Other queer titles include Erica Tremblay's "Fancy Dance," Ira Sachs' "Passages," David Zonana's homoerotic "Heroic," and Molly Gordon's "Theater Camp."

"Maintaining an essential place for artists to express themselves, take risks, and for visionary stories to endure and entertain is distinctly Sundance," stated Robert Redford, Sundance Institute Founder and President. "The Festival continues to foster these values and connections through independent storytelling. We are honored to share the compelling selection of work at this year's Festival from distinct perspectives and unique voices."

The 2023 Sundance Film Festival's Salt Lake City Opening Night Gala Film is Robert Connolly's Blueback, which features an intense turn by Radha Mitchell.

The full slate includes 101 feature-length films representing 23 countries. World premieres dominate.

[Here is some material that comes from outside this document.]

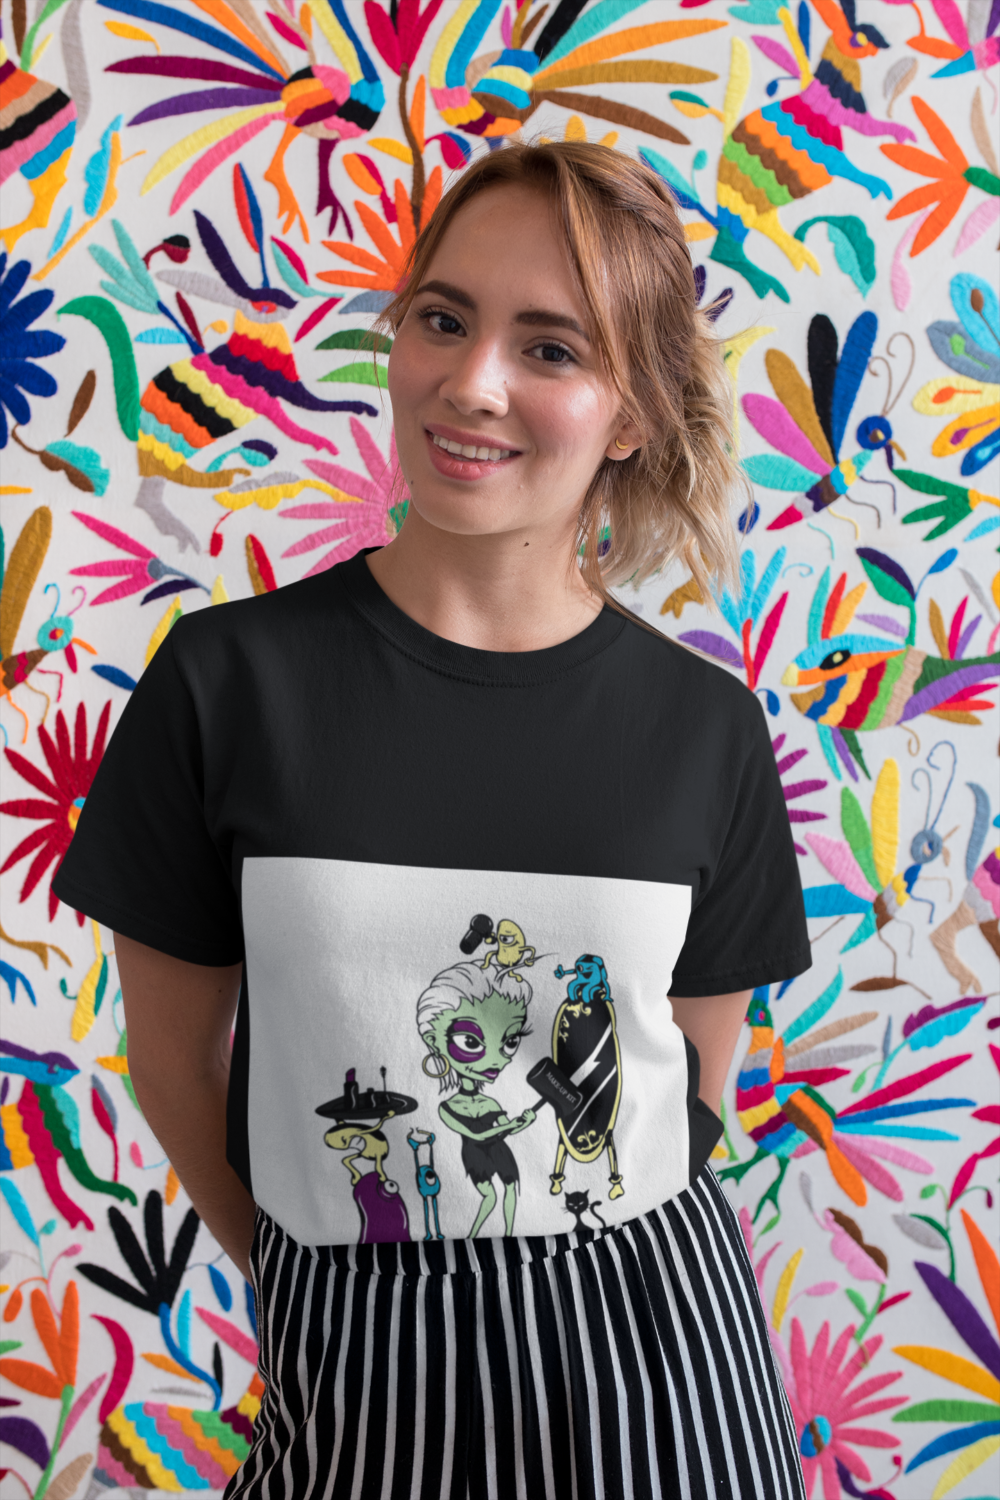 t shirt mockup of a pretty woman smiling in front of a colorful background 26643

EDGE has sampled some titles pre-fest (more to come). Here are some of the best and most significant.

'The Starling Girl'

Certain to be one of the most acclaimed films of this year's festival (and probably the year), Laurel Parmet's elegiac debut feature, "The Starling Girl" is a coming-of-age tale set in a fundamentalist Christian community that is bound to generate conversation. At a time when very little nuance is allowed in our culture (ergo, our art), Parmet exquisitely manages to tell a complex story in the least judgmental manner, focusing primarily on the inner and outer world of her protagonist, 17-year-old Jem, perfectly embodied by Eliza Scanlen in an exciting breakout performance. Lewis Pullman oozes taboo sexiness as the pastor's son, whom she becomes enamored with (the chemistry is unmistakable). There are no false notes in "The Starling Girl" — just rich, engaging narrative filmmaking.

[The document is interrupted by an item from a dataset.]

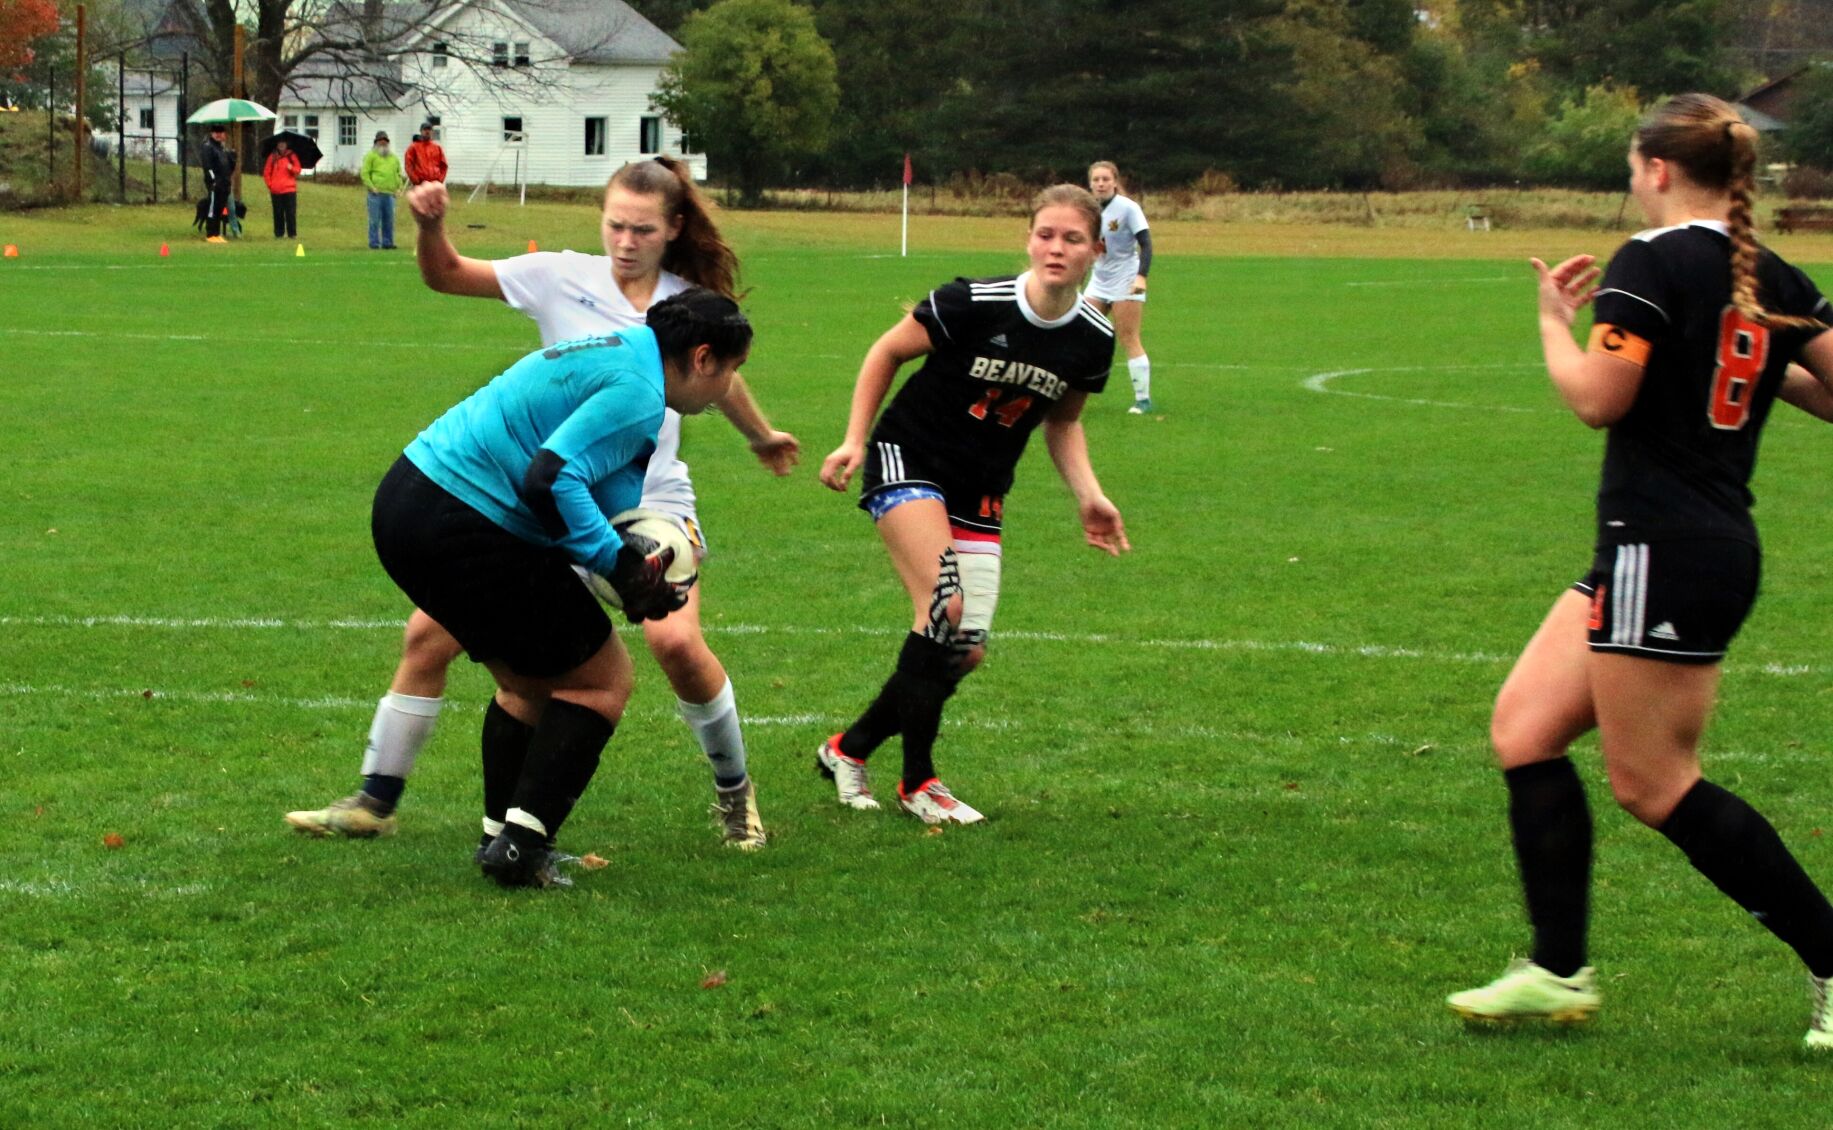 Boquet Valley, Chazy, Seton Catholic, and Crown Point advance to semis in Section VII Class D girls’ soccer tournament

As someone deeply in touch with my Sicilian roots, Emanuele Crialese's first film in 11 years, "L'Immensità," resonated on many levels — from the strong, yet stuck-in-her-time-and-place matriarch, Clara (Penélope Cruz), to the deceiving bully of a patriarchal figure (Vincenzo Amato), to the 12-year-old who feels different from everyone else. Even the flights of musical fantasy fancy hit close to home. The partly autobiographical film masterfully captures an era. Luana Giuliani shines in the role of the adolescent coming to terms with transgender identity at a time when gender was viewed as strictly binary. Cruz delivers another breathtaking, shattering performance. She's a force, and a presence, even when she must subjugate herself. Her lip-syncing to the Italian version of Francis Lai's "Love Story" is joyous. In Sicilian with subtitles.


Lines of fantasy and reality blur in Mexican filmmaker David Zonana's transfixing feature debut, "Heroic," centering on an 18-year-old infantry cadet, Luis (a beguiling Santiago Sandoval Carbajal), who enlists to support his family (specifically his diabetic mom) and must suffer abuse and humiliation along with his fellow cadets. In addition, an enigmatic Sergeant Sierra (Fernando Cuautle) has targeted Luis as a mentee. The homoerotic undertones are off the charts. But Sierra has also involved Luis in some shady doings outside the barracks. Zonata's style is sometimes harsh and steely, sometimes sympathetic, always captivating. "Heroic" is everything "The Inspection" should have been in terms of investigating the moral underbelly of the military, and Carbajal is a newcomer to watch. In Spanish with subtitles.

'Kim's Video'

Anyone who grew up in the '80s and '90s in the NYC area will remember Kim's Video. I had friends who worked there, and they would share stories about the irascible Mr. Kim, who had amassed a crazy collection of films (VHS and DVD). But with the dawning of the digital age came the demise of rental shops. David Redmon and Ashley Sabin's riveting documentary, "Kim's Video," follows the completely insane story of the fate of Kim's 55,000-item video rental collection. The film jets to a small Sicilian village (Salemi) and, eventually, to Seoul, Korea. The wild story involves the Mafia, the return of the elusive Mr. Kim, and the ghosts of past filmmakers. Redmon and Sabin are movie-adoring documentarians that don't just investigate and report, but make a difference. "Kim's Video" plays like an edge-of-your-seat suspense movie. It's also a cinephile's wet dream!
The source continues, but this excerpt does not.